Key Metrics
53 ms
End-to-end latency measured at the host
0%
Host AI compute — everything runs on-camera
D500+
Live on D555 today; D500 series next
Overview & live demo
People detection inside the camera, inference runs on the D555 SoC, results stream out on a dedicated native ROS topic or RealSense’s SDK. The demo footage referenced below was recorded on a D555 under ambient indoor lighting, with people walking through the field of view and detection running continuously.
Why this matters now. People detection is one of the first on-device perception model in the Perception Studio catalog and the proof point that the D500 series can host meaningful real-time valuable AI Perception features.
Why on-camera inference
Running detection on the camera changes three things customers care about: latency, bandwidth, and integration cost.
Host-side inference (the traditional approach)
- Burns host CPU/GPU you need for additional AI applications
- Adds host-side preprocessing and copy overhead
- Bandwidth = full-resolution RGB at 30 fps
- Latency = camera + bus + queueing + inference + return
On-camera inference (this feature)
- Zero CPU/GPU cost on the host for inference
- Per-frame output is a small JSON payload, not a video stream
- 53 ms end-to-end latency, measured at the host
- RGB stream can be subscribed independently, or not at all
For service robots, cobots, Humanoids and AMRs that already have a Jetson running a planning and navigation stack and other AI inferences, this is the difference between “we’d add people detection if we had host headroom” and “we have people detection today, on the camera.”
How it works — at a glance
A compact on-device AI model runs on the D555 SoC. Each frame produces a list of detections class, confidence, bounding box and distance – published independently of the RGB stream.
Model
A compact on-device detector tuned specifically for people in the current release.
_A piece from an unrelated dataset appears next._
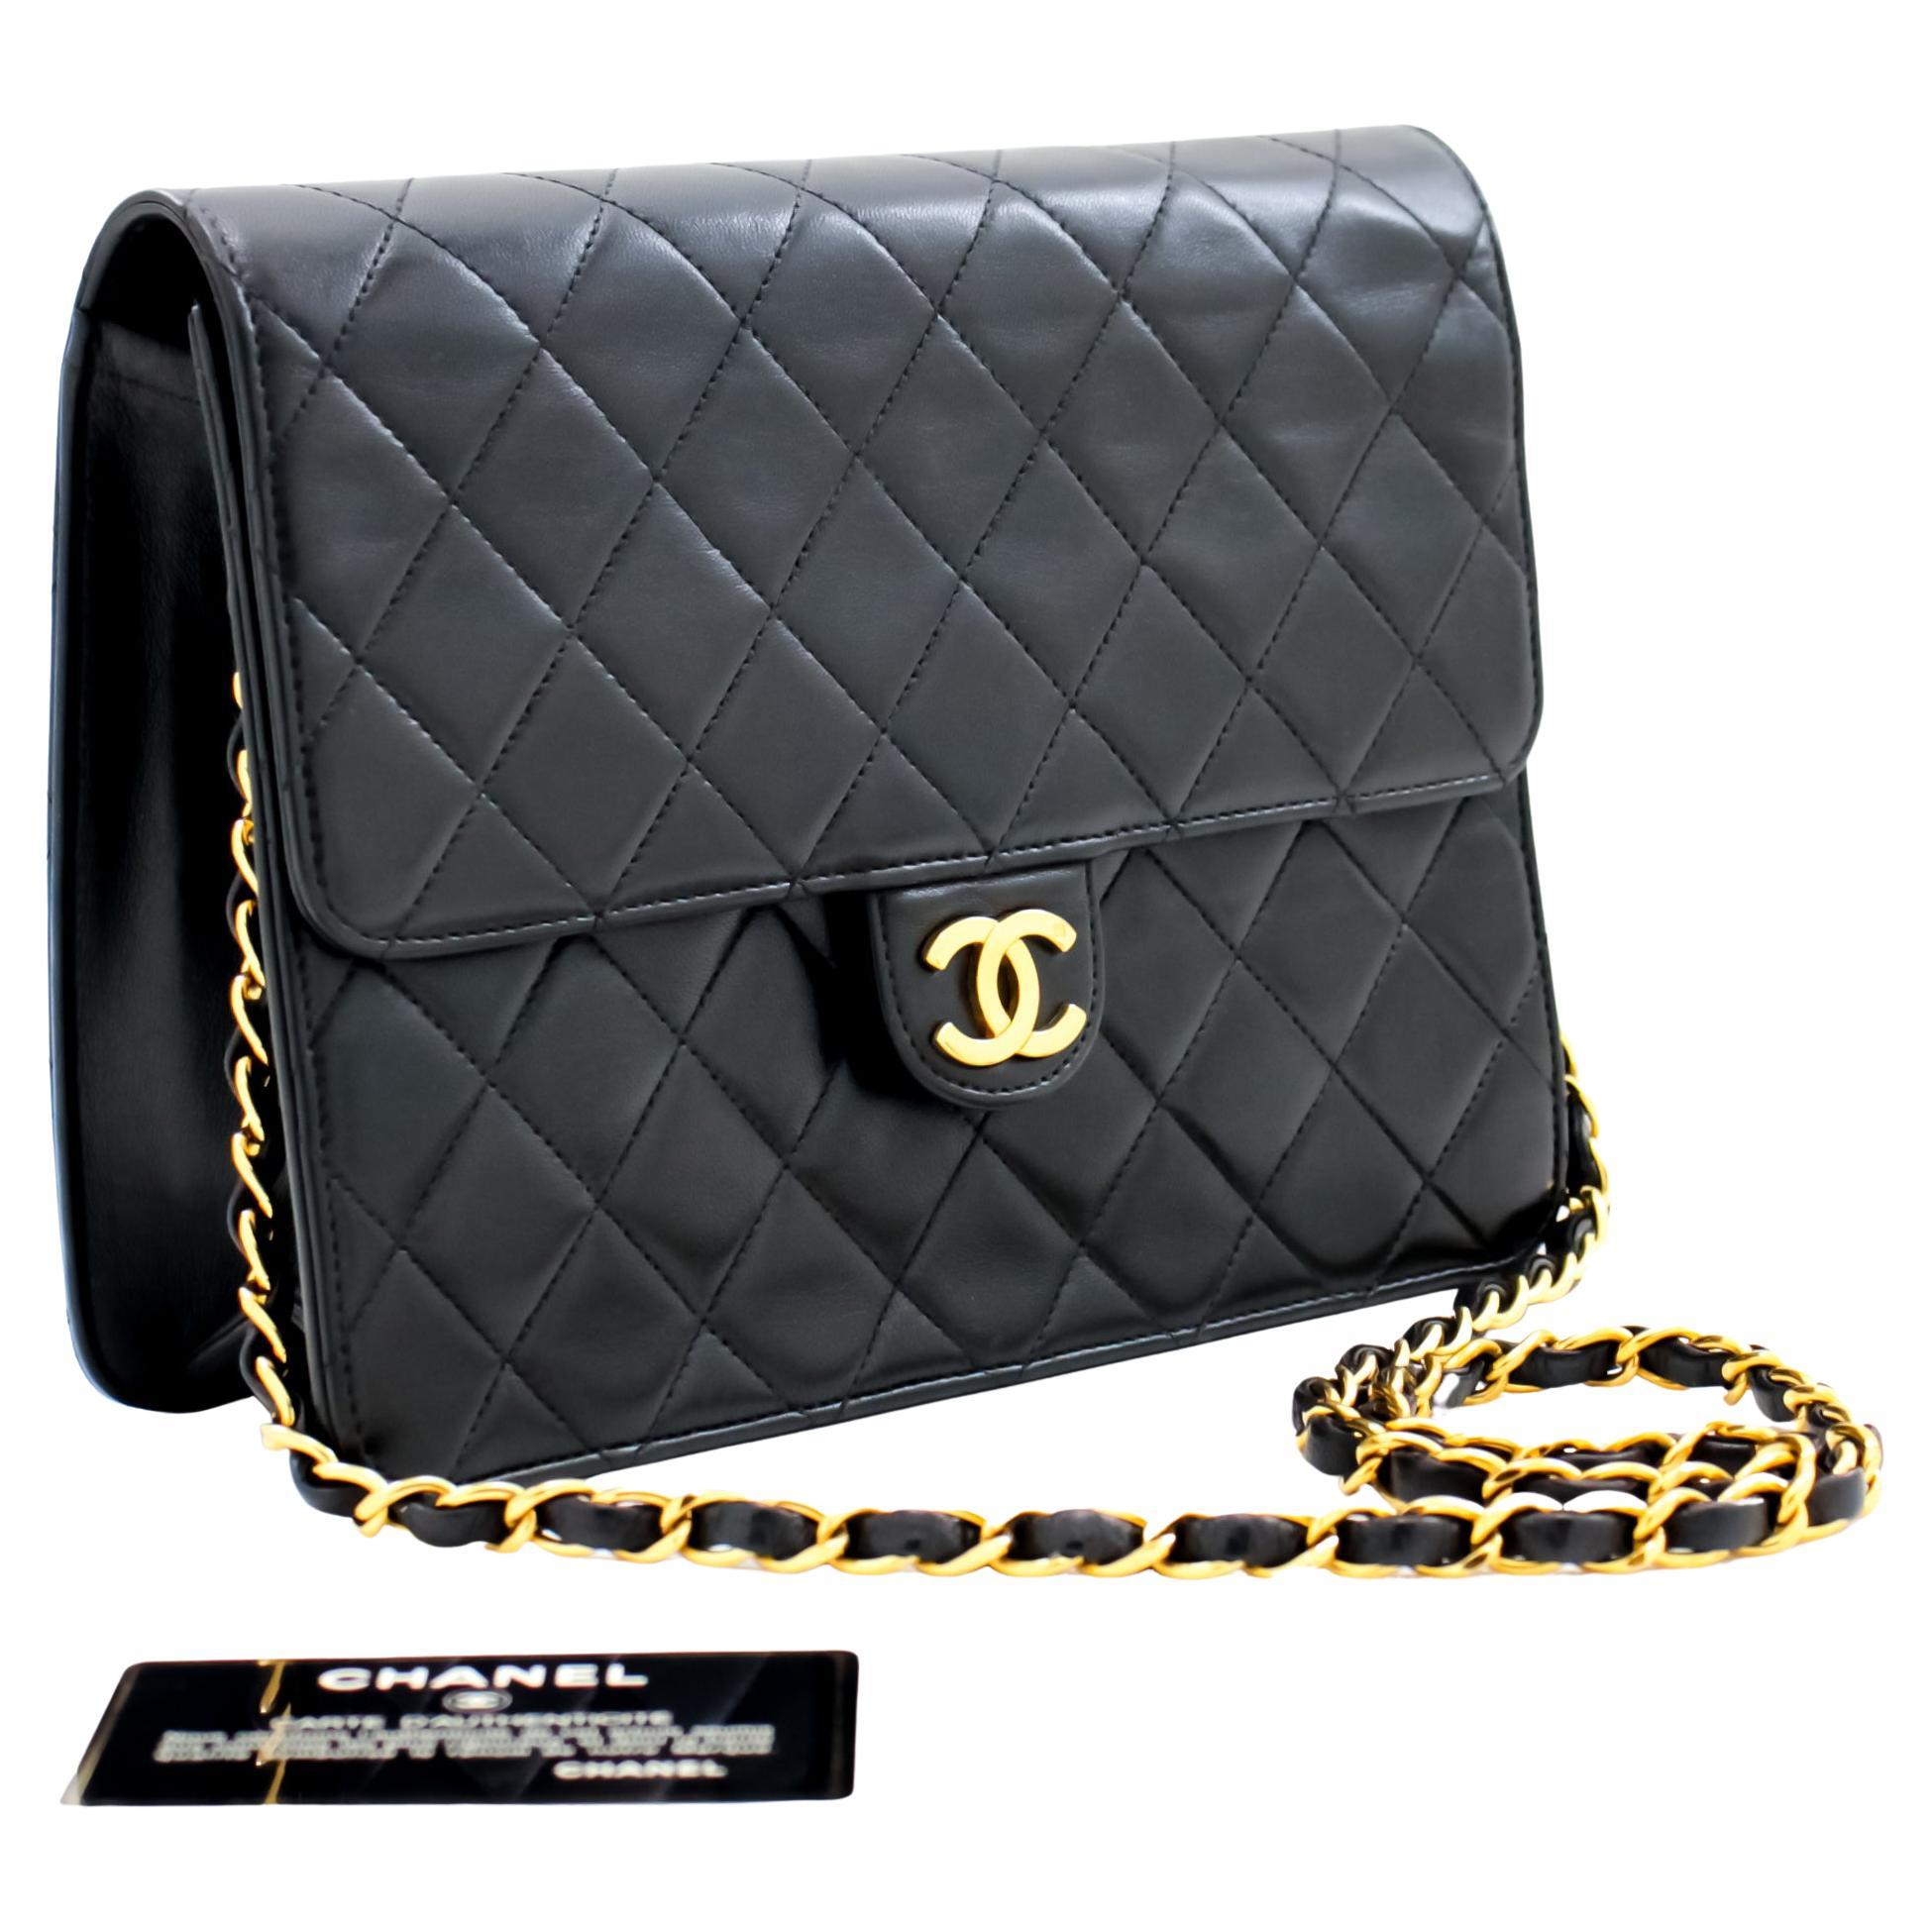 CHANEL Small Chain Shoulder Bag Black Clutch Flap Quilted

Inference runs entirely on the camera; nothing leaves the device until the result is published. Additional classes and custom-trained variants are on the roadmap.
Output cadence
Detections are published at 15 fps. When no people are present, an empty result message is still emitted so consumers always have a current frame to reason about — no ambiguity between “nothing detected” and “no message received.”
API at a glance
Detection results are published on a dedicated ROS 2 DDS topic or RealSense’s SDK. Subscribe to enable, unsubscribe to disable.
The interface
| Field | Value |
|---|---|
| Topic name | /realsense/D555_{serial}_ObjectDetection |
| Message type | std_msgs/msg/String (JSON payload) |
| QoS reliability | BEST_EFFORT — matches image topics, minimises latency |
| Lifecycle | Subscribe to enable; unsubscribe to disable |
| Frame rate | 15 fps |
Per-frame payload
The JSON message conforms to a versioned schema. The fields are deliberately small — everything you typically need to drive a downstream behavior, nothing more.
{
"schema_version": 1,
"message_type": "object_detection",
"timestamp_us": 123456789,
"frame_id": 42,
"enabled": true,
"has_result": true,
"number_of_detections": 2,
"detections": [
{ "class_id": 0, "confidence": 85, "x1": 100, "y1": 50,
"x2": 300, "y2": 250, "distance_mm": 1500 },
{ "class_id": 1, "confidence": 72, "x1": 400, "y1": 100,
"x2": 550, "y2": 300, "distance_mm": 2200 }
]
}
Each detection carries the class id (0 = person in this release), a confidence score 0–100, the bounding box in pixels, and the measured distance to the person in millimetres. The has_result flag distinguishes “model ran, nothing found” from “model didn’t run on this frame.”
Note on the distance field. In the current release, the distance value is calculated on the host — visible in RealSense Viewer, but not yet delivered through the API payload. The next release moves the distance calculation on-device so it’s available end-to-end through the DDS topic. Until then, treat distance_mm as a placeholder when consuming the topic programmatically.
Hardware & integration
On-camera detection runs today on the RealSense D555, with support extending to the rest of the D500 series. Host requirements stay minimal — the host does no inference work.
| Component | Requirement |
|---|---|
| Camera (today) | RealSense D555 — preview live |
| Camera (next) | Rolling out across the rest of the D500 series |
| Host OS | Linux / Win |
| Host compute | Any DDS-capable host, no GPU or AI accelerator needed |
| Network | Standard RealSense PoE connectivity; detection payload is small JSON, negligible bandwidth |
| Other streams | Color, Depth, IR streams continue independently; detection topic has its own lifecycle |
Next steps
On-camera detection composes naturally with the rest of the Perception Studio stack.
- Visual-Inertial Odometry (VIO) — pair localization with close-range manipulation depth on the same robot. — another Perception Studio feature you can compose with on-camera detection.
- Improved Close Range Detection – reduced minimal detection range for up to 10cm on your existing RealSense cameras.